_Aim of the task_. Output exactly the lines from the line that has "Picture of Galaxy" through the last line of the data below, with no pictures.

START Stored data

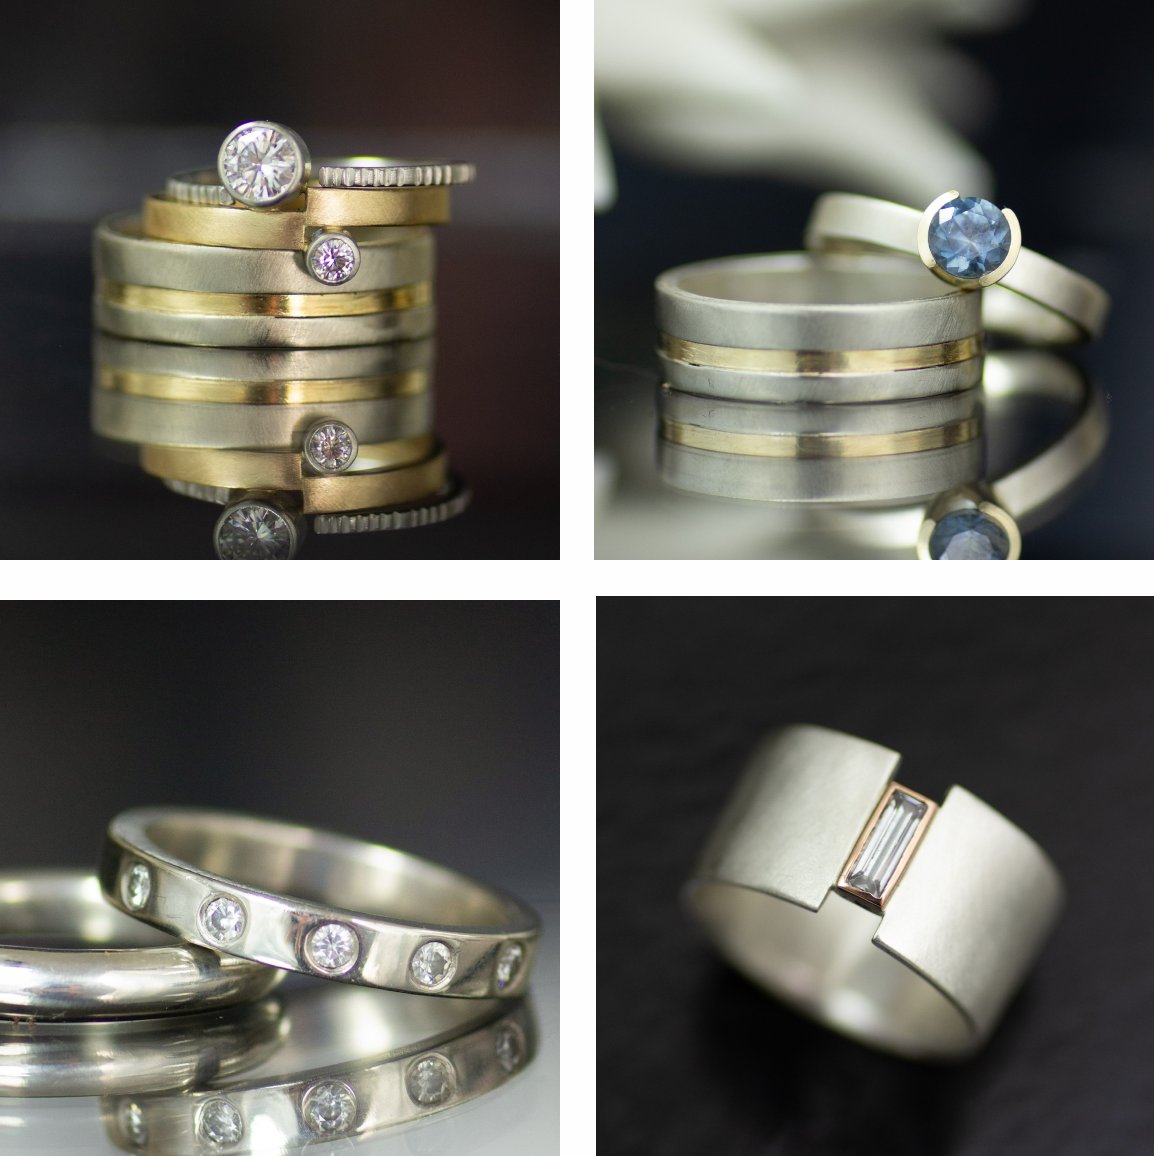 Platinum Jewelry created by LOLiDE
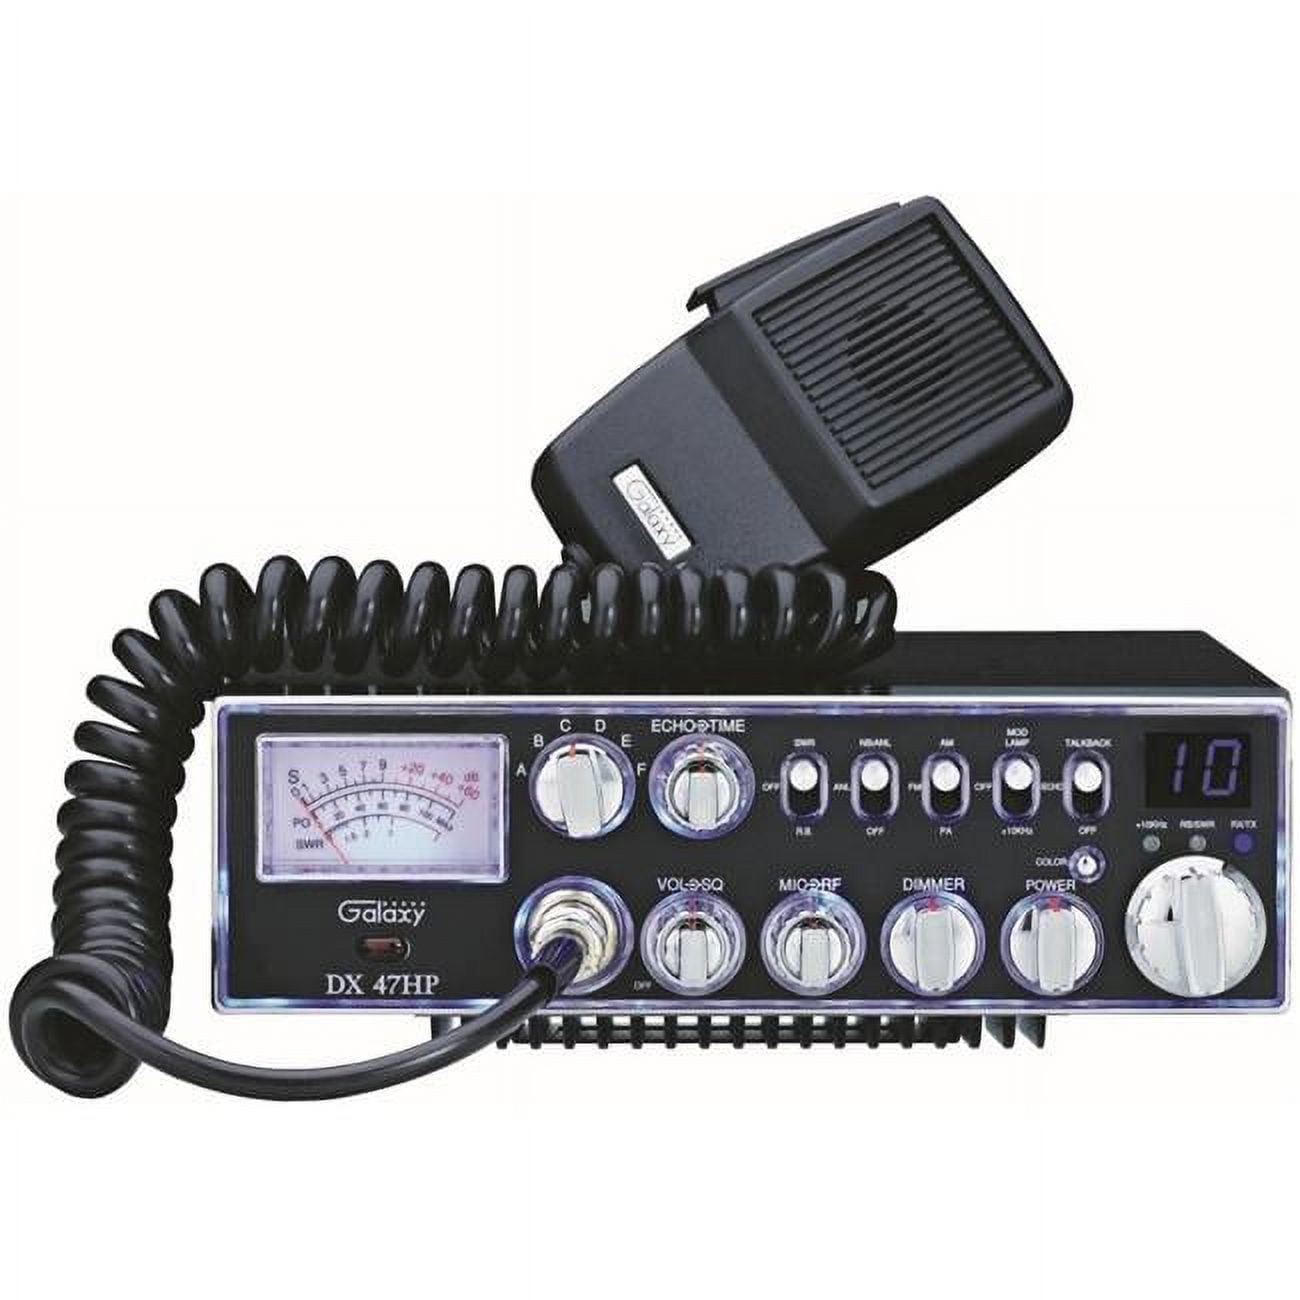 Picture of Galaxy DX47HP 100W 10m Radio with 7 Color Display
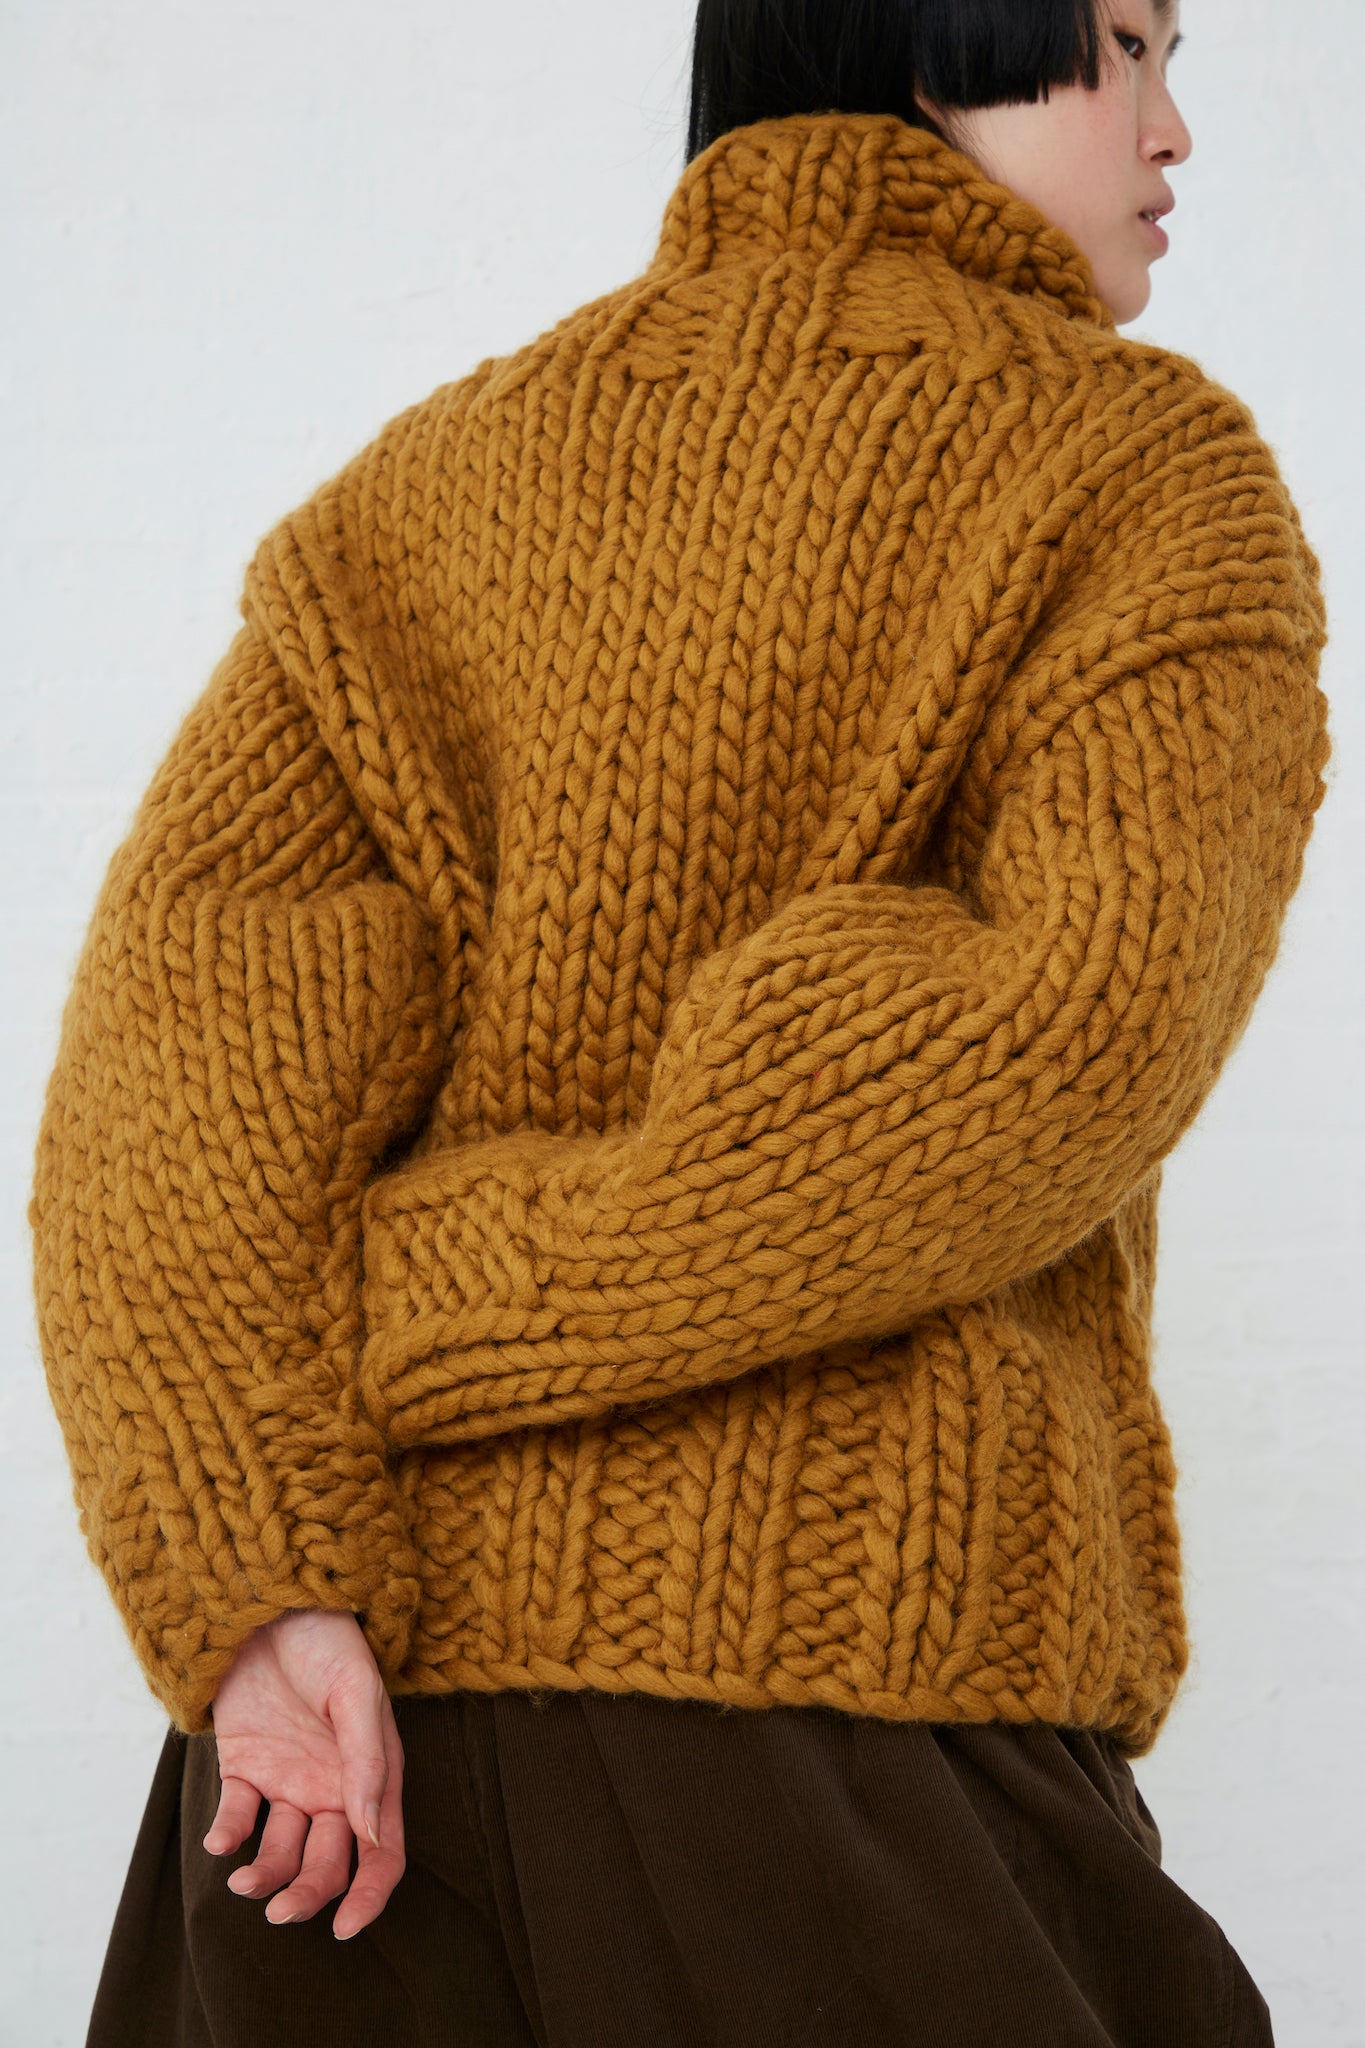 The back of a woman wearing an Ichi Wool Hand-Knit Pullover in Mustard. Arms crossed.

END Stored data

_Task output_.
 Picture of Galaxy DX47HP 100W 10m Radio with 7 Color Display
 The back of a woman wearing an Ichi Wool Hand-Knit Pullover in Mustard. Arms crossed.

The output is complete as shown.